So, I am fascinated by the async stuff, and by Trio, as it seems very thoroughly thought out, and much less prone to random exceptions than asyncio.
So here's the traditional experiment, parallel loading of web pages. I have a list of 56 highest-traffic sites. Straight-forward site-after-site fetch takes around a minute and a half on my network.
To use Trio for fetching web pages on Pythonista, you need to pip install:
trio
asks
contextvars
Also, you need to include the following, to circumvent or silence errors and warnings due to the way Pythonista has set up signal and sys.excepthook handling:
import warnings, signal
with warnings.catch_warnings():
warnings.simplefilter("ignore")
import trio
signal.signal(signal.SIGINT, signal.SIG_DFL)
Reward here is of course that the same list can then be fetched in parallel and in 4-6 seconds, or in 1/20th of the time that the sequential approach takes.
s = asks.Session(connections=100)
async def grabber(site):
r = await s.get('https://'+site, timeout=5)
content = r.text
print(site)
async def main():
async with trio.open_nursery() as n:
for site in sites:
n.start_soon(grabber, site)
Ok, so then I thought about Scripter, the generator-based asynchronous 'language' originally designed to run off the Pythonista UI loop, running UI animations.
I changed Scripter to use Trio as the underlying loop, and to be able to call async def functions as part of the scripts.
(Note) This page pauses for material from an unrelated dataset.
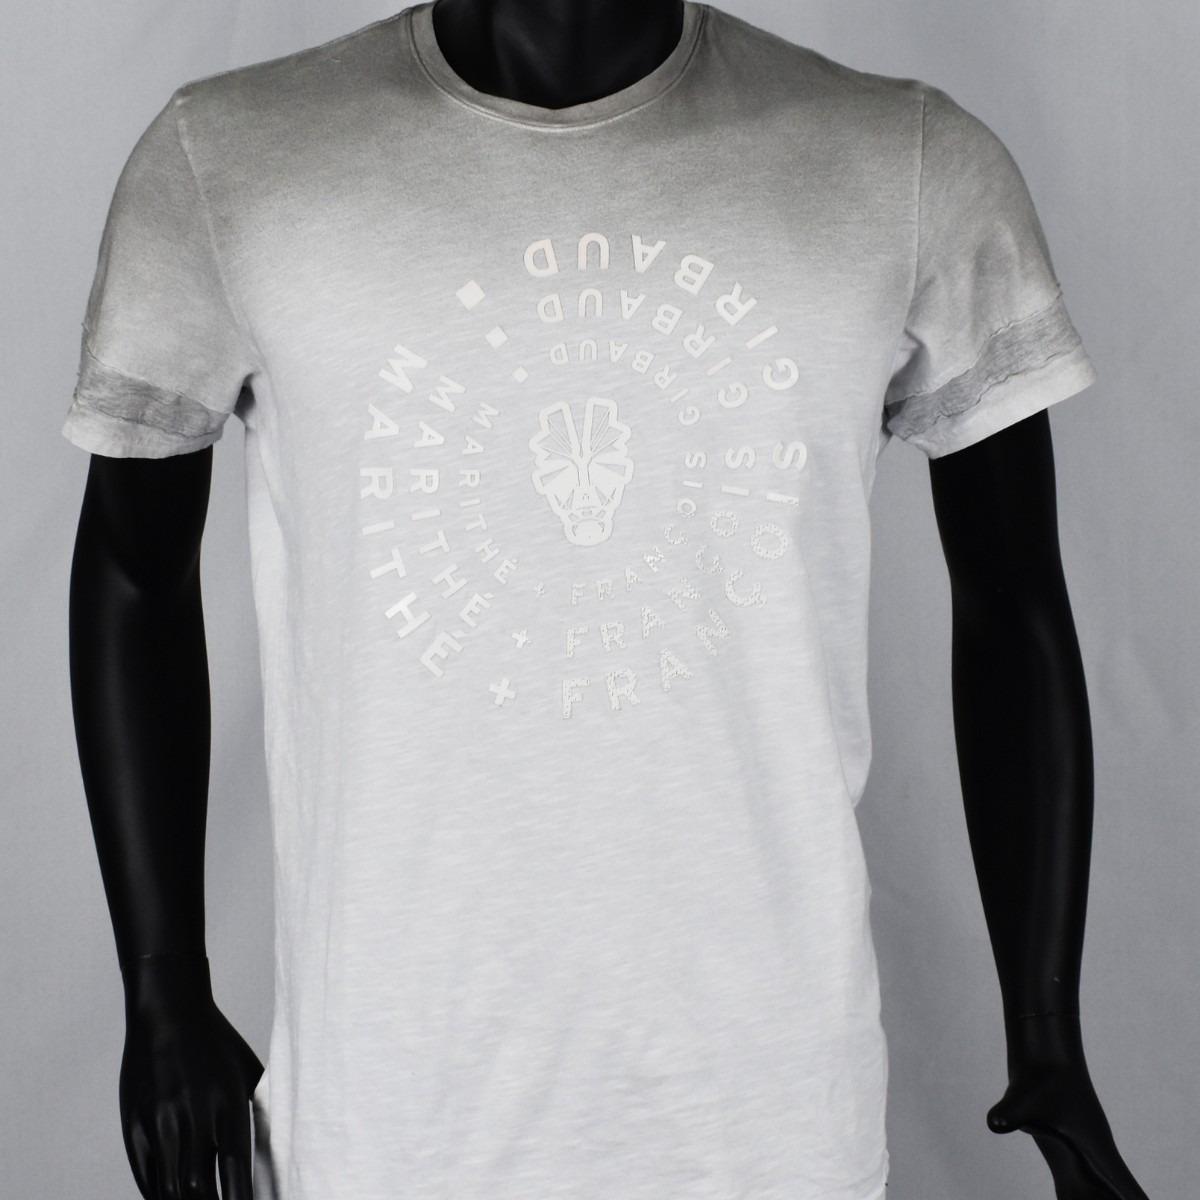 6dad211a6 Camiseta M/c De Marithe + Francois Girbaud Para Hombre - U$S 39,99 ...

Here is the Scripter version of the above trio code:
@script
def retrieve_all():
for site in sites:
worker(site)
print(site)
@script
def worker(site):
result = get('https://'+site, timeout=5)
yield
content = result.value.text
I have gotten so used to Scripter that I much prefer the "parallel by default" way it operates. This is of course somewhat in opposition to the "explicit parallelism" philosophy of the asyncio/trio crowd.